2 cups diced apples (use a combo of types of apples... different colors makes it pretty so I don't peel them)

1 cup brown sugar

pinch cinnamon

pinch nutmeg

pinch cloves

¾ cup flour

pinch salt

2 teaspoons baking powder

¾ cup milk

1 cup sugar

½ cup butter

Mix apples with brown sugar, cinnamon, nutmeg, and cloves, set aside. Mix flour, salt, baking powder, milk, and sugar in a medium bowl to form a batter; set aside. Melt butter in 9x13 baking dish. Add batter and then add apple mixture on top of batter. Bake at 325 for 45 minutes or until browned and bubbly.

Wednesday, August 26, 2009

Fresh Fruit Cobbler

This easy recipe from my mom relies on pantry staples and fresh seasonal fruit.

EASY Fresh Fruit Cobbler

½ stick butter

½ cup self-rising flour

¾ cup sugar

½ cup + 3 Tablespoons milk

1 cup fresh fruit (blackberries, blueberries, peaches, etc.)

1) melt butter in casserole dish

2) Put fruit in dish with butter

3) Mix self-rising flour, sugar, and milk.

4) Pour mixture over fruit

5) Bake at 350ยบ for 30 minutes or until golden brown on top.

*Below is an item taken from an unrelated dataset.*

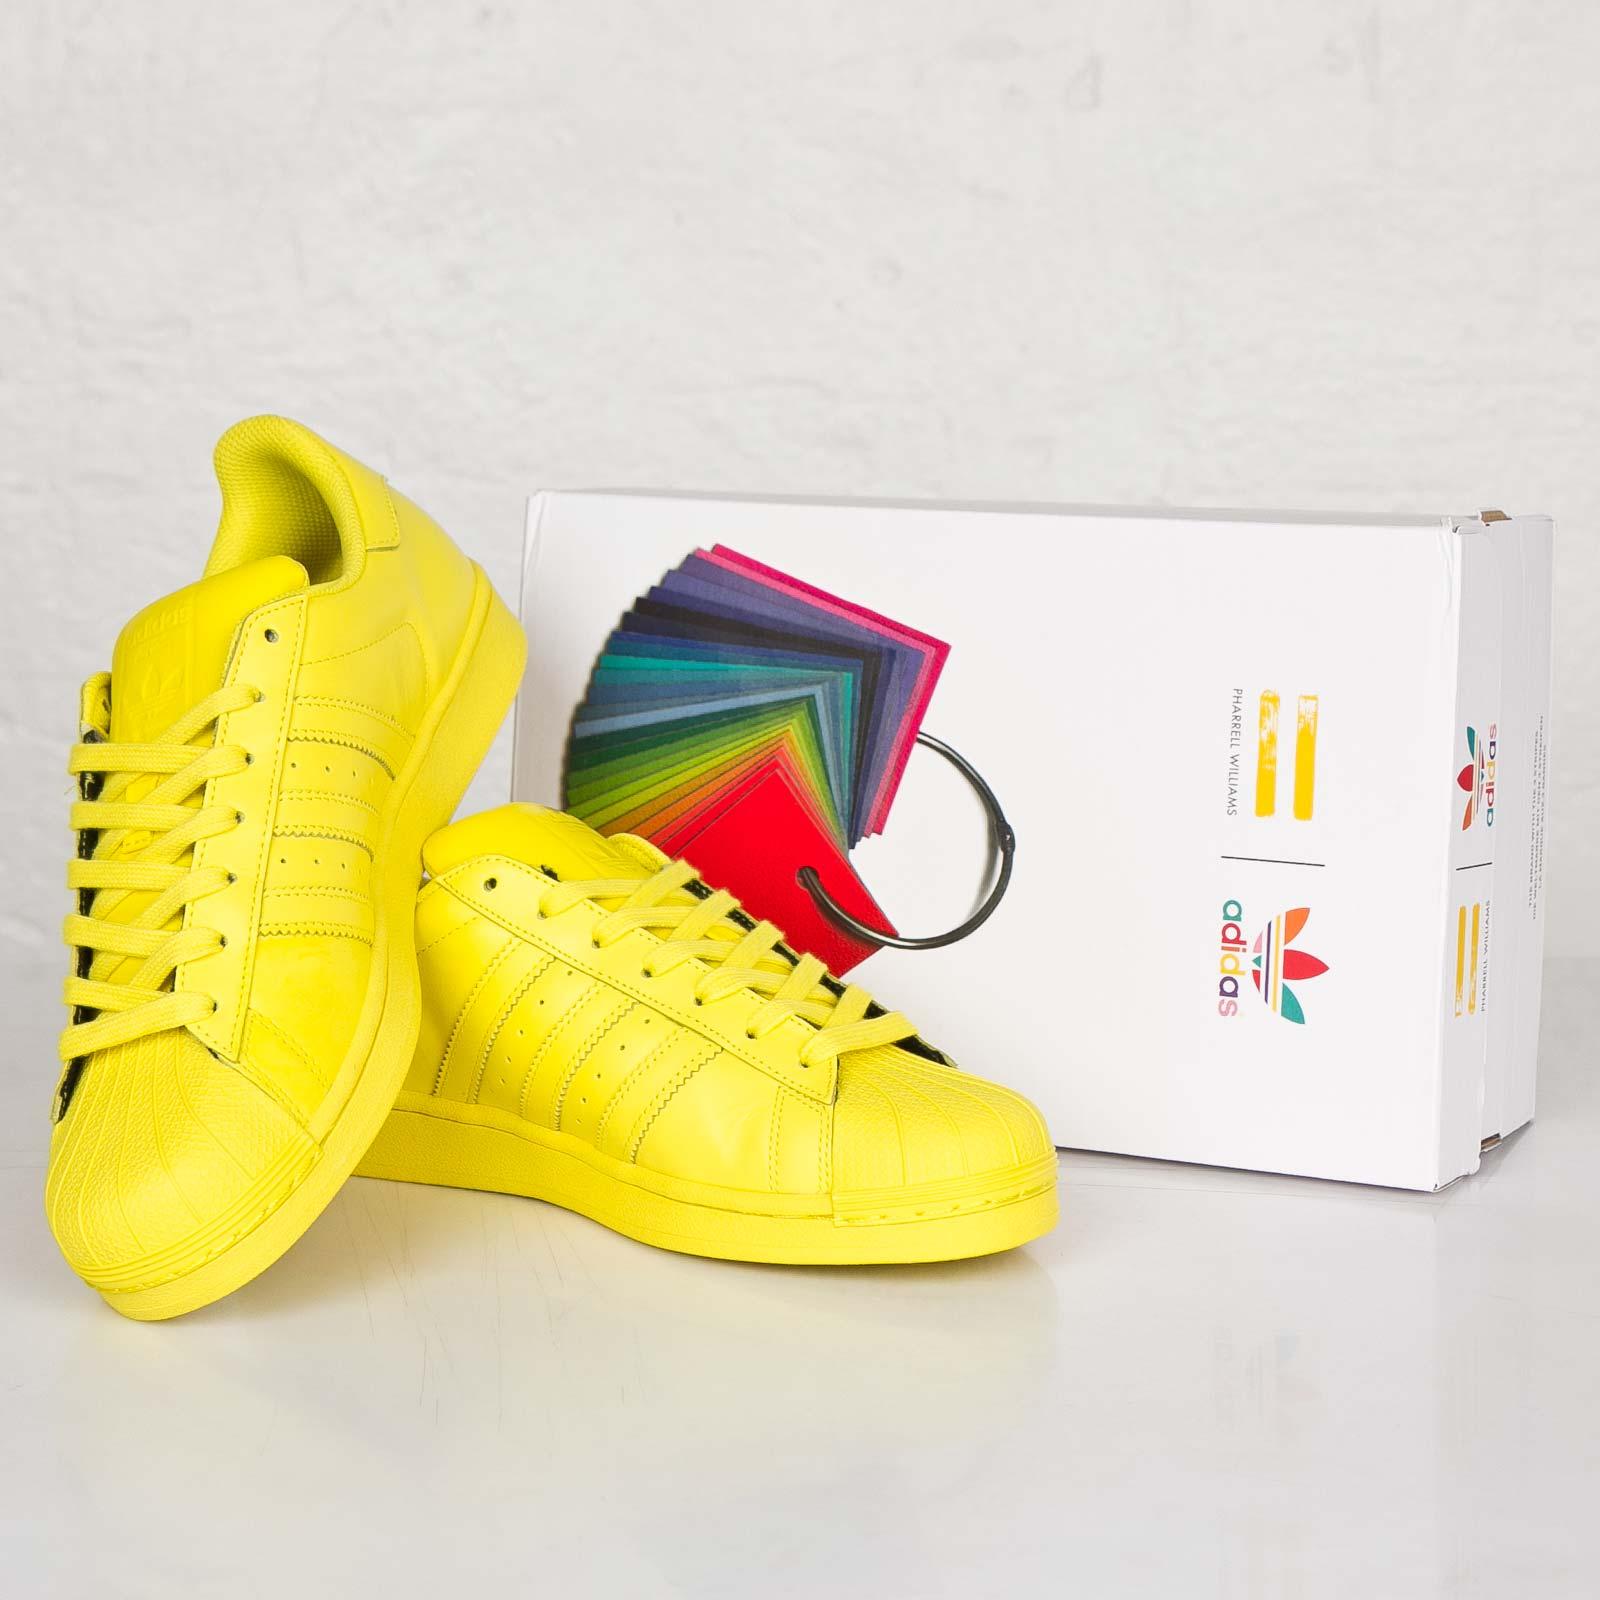 2553cd26cd705 ... norway sepatu adidas pharel william original by jual adidas superstar  supercolor pharrell williams yellow 36e18 426b8

Serves about 4-5. For a larger group, double the recipe.

Thursday, August 20, 2009

Peach Crisp

I have made this recipe twice in the last two weeks. It is good for breakfast and good for dessert! As the dish serves 8, I cut the recipe in half both times I have made it.

Peach Crisp
5 lbs peaches (about 12) cut into 8 wedges
3/4 cup granulated sugar
3/4 cup plus 1 tablespoon all-purpose flour
1 1/4 cup light brown sugar
1/4 teaspoon kosher salt
3/4 cup (1 1/2 sticks) unsalted butter, chilled, cut into small pieces
2 cups rolled oats
1 cup almonds, roughly chopped

Heat oven to 350. In a large bowl, toss the peaches, granulated sugar, and 1 tablespoon flour. Transfer to a shallow 3-quart baking dish.

In a separate bowl, combine the brown sugar, salt, and remaining 3/4 cup of flour. Using your fingers, incorporate the butter until coarse crumbs form. Mix in the oats and almonds.

Squeeze the topping into marble-size clumps and sprinkle on the peaches. Bake until the top is golden and the fruit is tender, 45-55 minutes.


I like to serve it with non-fat vanilla yogurt for breakfast... and with ice cream for dessert.